Yapımcılar yaptırımlarla karşı karşıya kaldıklarında, belki günün birinde listelerine bir de "hukuk danışmanı" eklemek zorunda kalacaklardır. Var mı bilmiyorum ama? aslında olması gereken de o. Tıpkı mali müşavirleri, muhasebecileri olduğu gibi.

Hukuk danışmanı olduğunda ne olur? E tabi ki, meslek onurunu gözetir diye düşünüyorum. (Sonradan ilave edilmişitir.)
Old 26-03-2012, 08:01   #38
Av.Mehmet Saim Dikici

 
Varsayılan

Alıntı:
Yazan Atahun
Yapımcılar yaptırımlarla karşı karşıya kaldıklarında, belki günün birinde listelerine bir de "hukuk danışmanı" eklemek zorunda kalacaklardır. Var mı bilmiyorum ama? aslında olması gereken de o. Tıpkı mali müşavirleri, muhasebecileri olduğu gibi.

Hukuk danışmanı olduğunda ne olur? E tabi ki, meslek onurunu gözetir diye düşünüyorum. (Sonradan ilave edilmişitir.)

Ciddi prodüksiyon şirketlerinin hepsinin hukuk danışmanları var. Ancak dizi senaryoları bakımından neredeyse hiçbir hukuki yardım almıyorlar.

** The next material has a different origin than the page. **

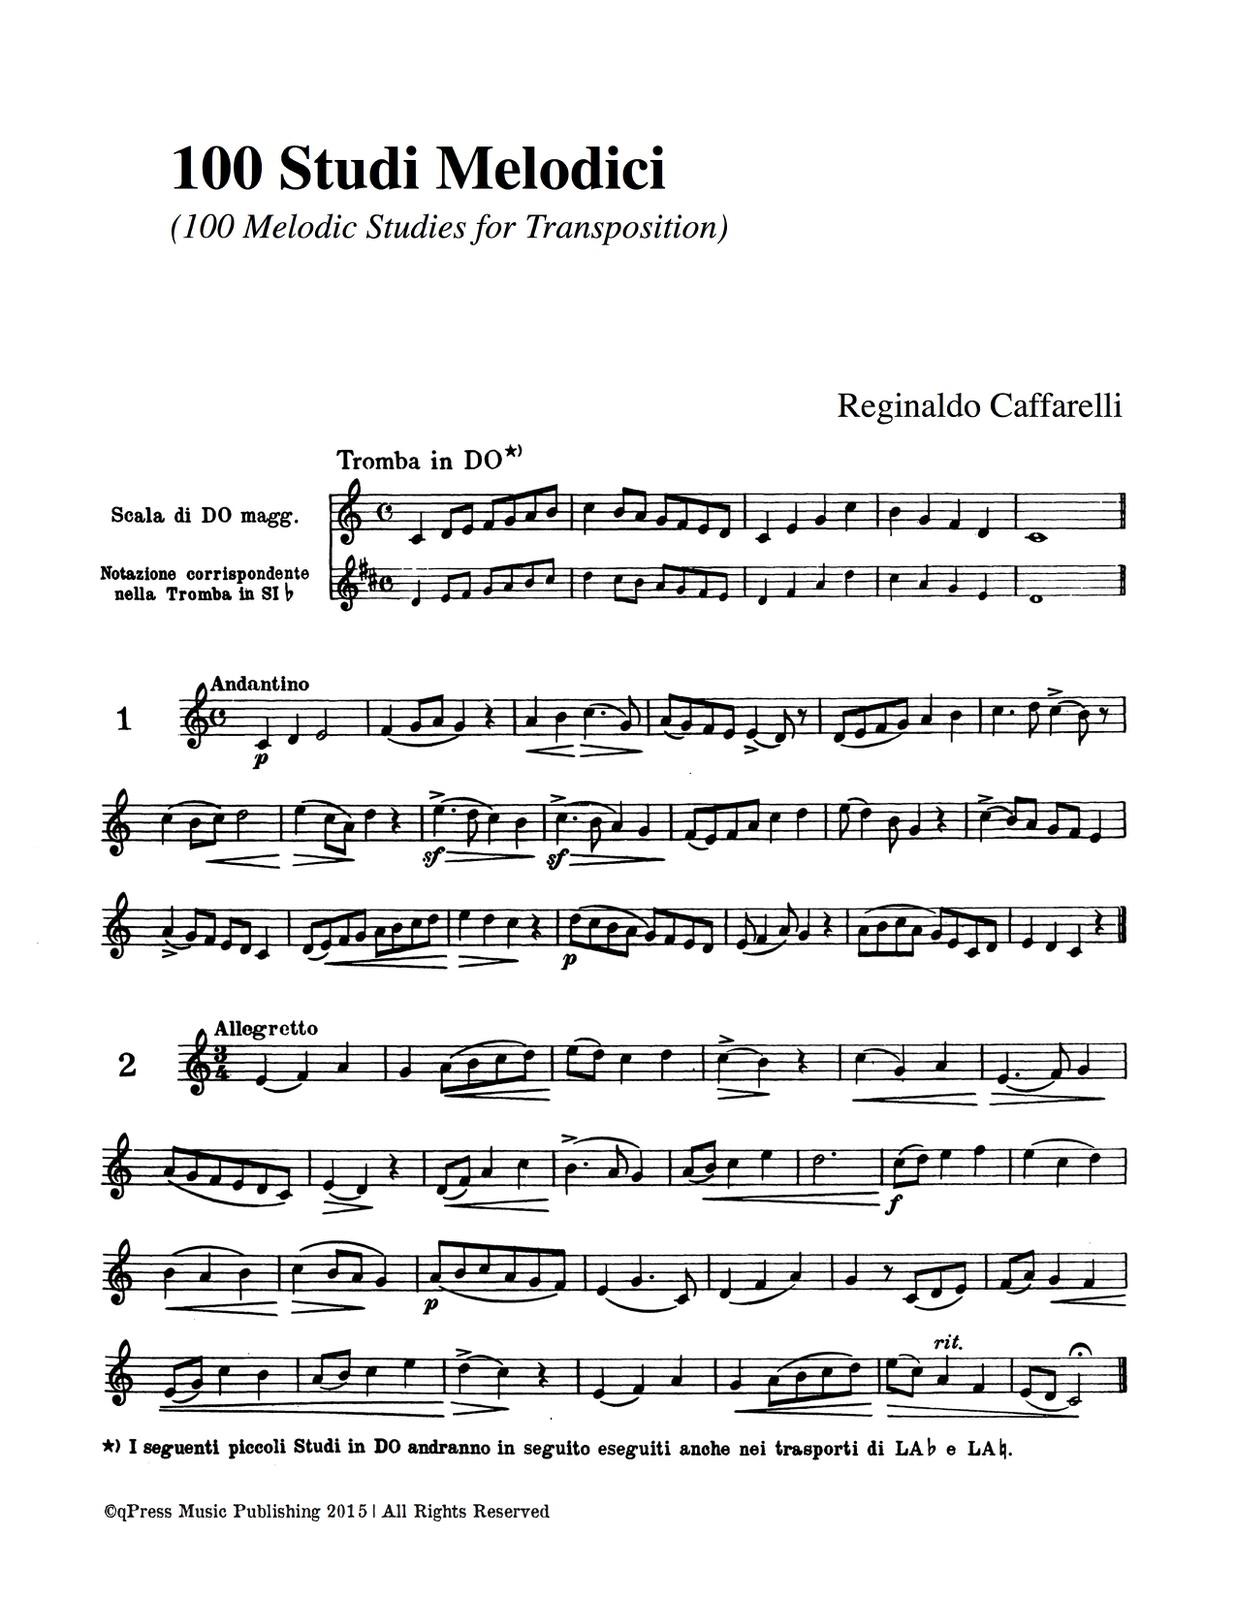 Caffarelli, 100 Studi Melodici-p09

Hiç unutmuyorum, THS üyesi de olan bir meslektaşımıza müvekkili yapım şirketi, "Davacı avukatı kürsünün karşısında dursa n'olur ki?" diye sormuştu. Meğerse salonda kürsünün sağ tarafına kolon (direk) düşüyormuş da…

Durum budur!
Old 27-03-2012, 15:18   #39
oeroglu

 
Varsayılan

Alıntı:
Yazan Av.Mehmet Saim Dikici
Ciddi prodüksiyon şirketlerinin hepsinin hukuk danışmanları var. Ancak dizi senaryoları bakımından neredeyse hiçbir hukuki yardım almıyorlar.

Hiç unutmuyorum, THS üyesi de olan bir meslektaşımıza müvekkili yapım şirketi, "Davacı avukatı kürsünün karşısında dursa n'olur ki?" diye sormuştu. Meğerse salonda kürsünün sağ tarafına kolon (direk) düşüyormuş da…

Durum budur!

o neyse de; ben hiçbir dizide hakim odasında duruşma yapıldığını görmedim, hiç olmassa duruşma duruşma salonunda yapılıyor, izleyicide bir hava uyandırıyor...

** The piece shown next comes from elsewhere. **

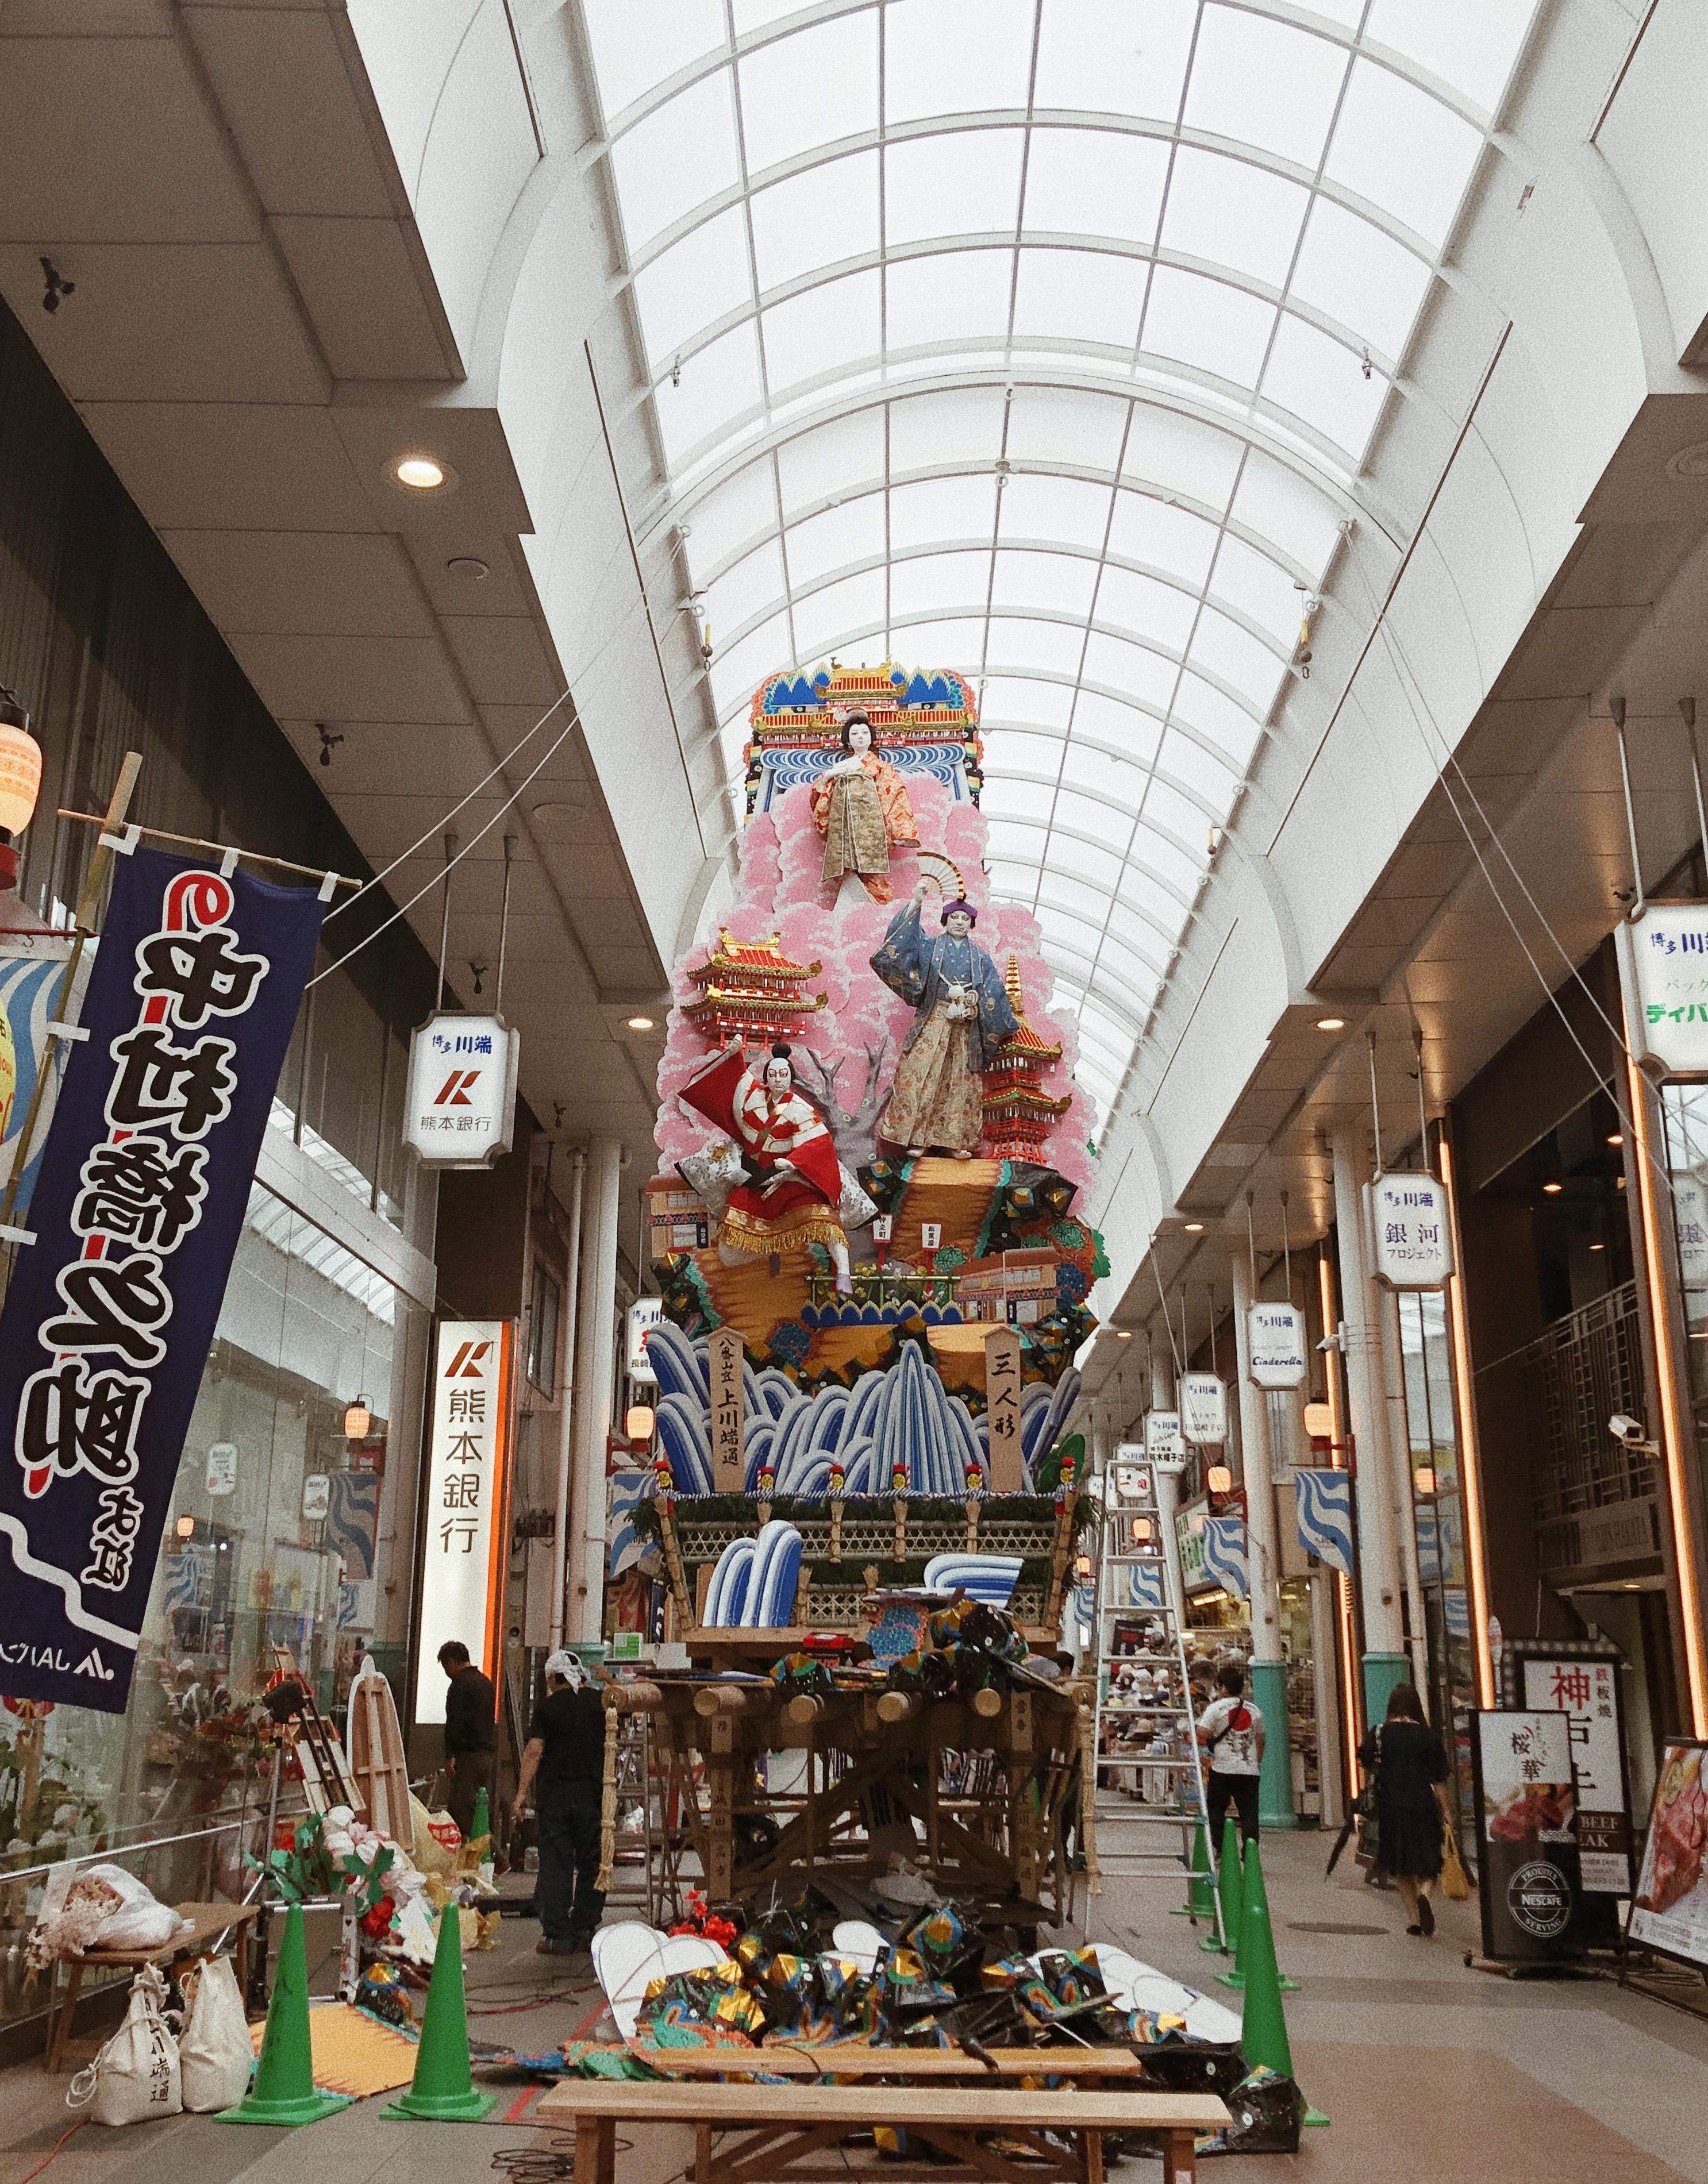 kazariyama floats: 10 meters tall, weighs 2 tons

ama geçen gün tuzla adliyesinde hakim odasında boşanma davası görüldüğünü gördüm, bugünde icra mahkemesinde hakim odasında duruşmaya girdim..

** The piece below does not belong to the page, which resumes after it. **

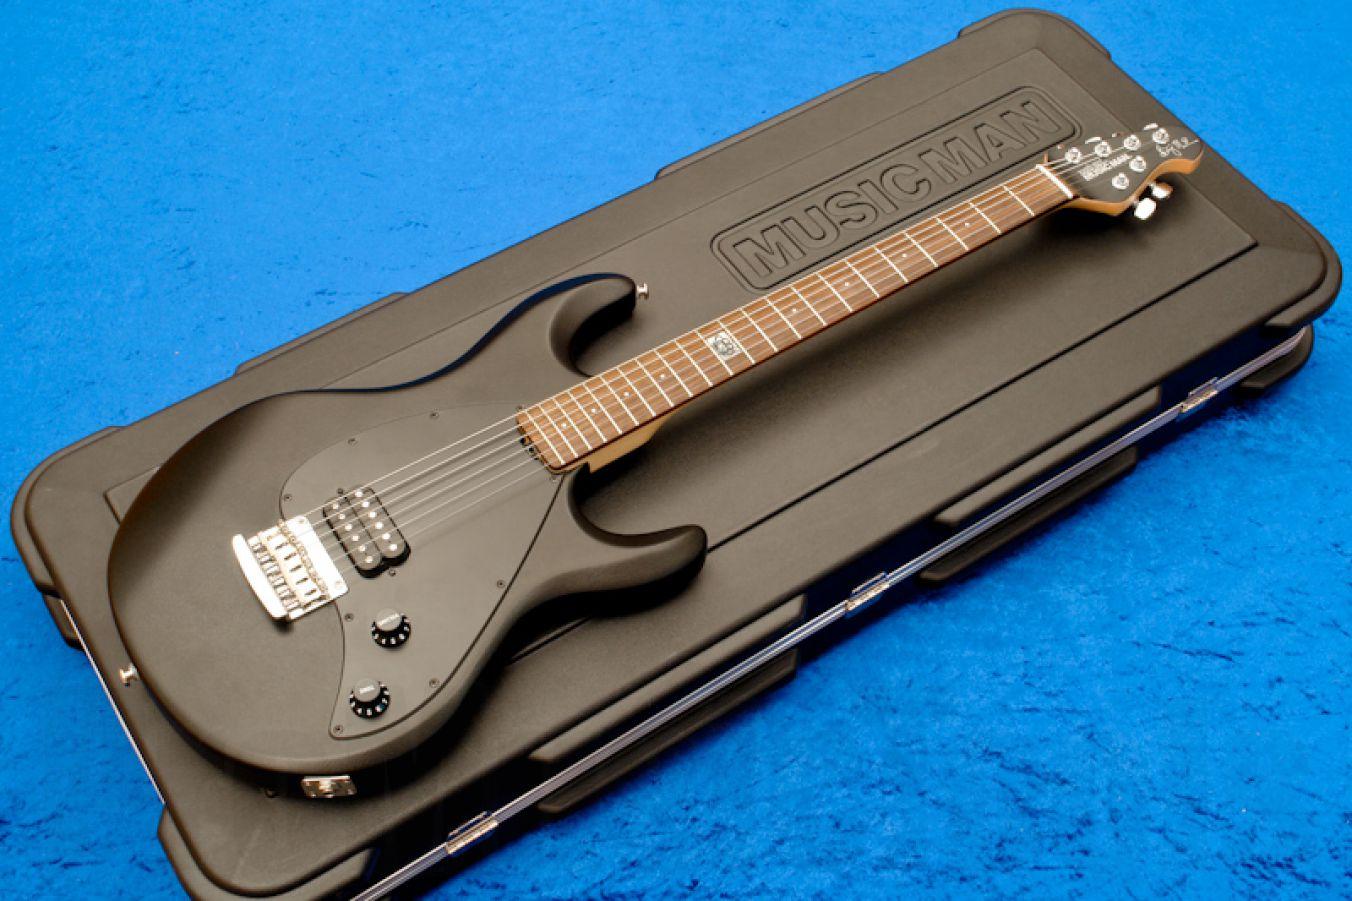 Music Man USA Silhouette Special Benji Madden T1 - Textured Black RW

hakim bey masasında,katibe hanım yanındaki ufak eğreti masada oturuyor, asıl yeri orası olmadığı belli olan bir bilgisayara yazıyordu, davalı avukatıyla biz de yanyanaydık...(ben solda o sağda)

ufak bir printerden çıktı duruşma zabıtları..

allahtan müvekkil fln gelmedi, gelse de içeri giremezdi..
Old 04-04-2012, 00:40   #40
Av.Kaan

 
Varsayılan

Alıntı:
Yazan Av.Mehmet Saim Dikici
Hiç unutmuyorum, THS üyesi de olan bir meslektaşımıza müvekkili yapım şirketi,
"Davacı avukatı kürsünün karşısında dursa n'olur ki?" diye sormuştu.
Meğerse salonda kürsünün sağ tarafına kolon (direk) düşüyormuş da…

Ankara'da 2 farklı mahkemede davacı ve davalı masaları hakimin tam karşısında yan yana idi. Hala öyle mi bilmiyorum. Çok hoşuma gitmişti.

Hatta bilirkişi raporuna karşı "aleyhe olan hususları kabul etmiyoruz" gibi klasik beyanlarımıza hakim "şunu biraz açar mısınız?" diye sormuştu.

Takdir etmiştim. Masayı karşısına tarafı/avukatı muhatap olarak almak için koymuş dedim.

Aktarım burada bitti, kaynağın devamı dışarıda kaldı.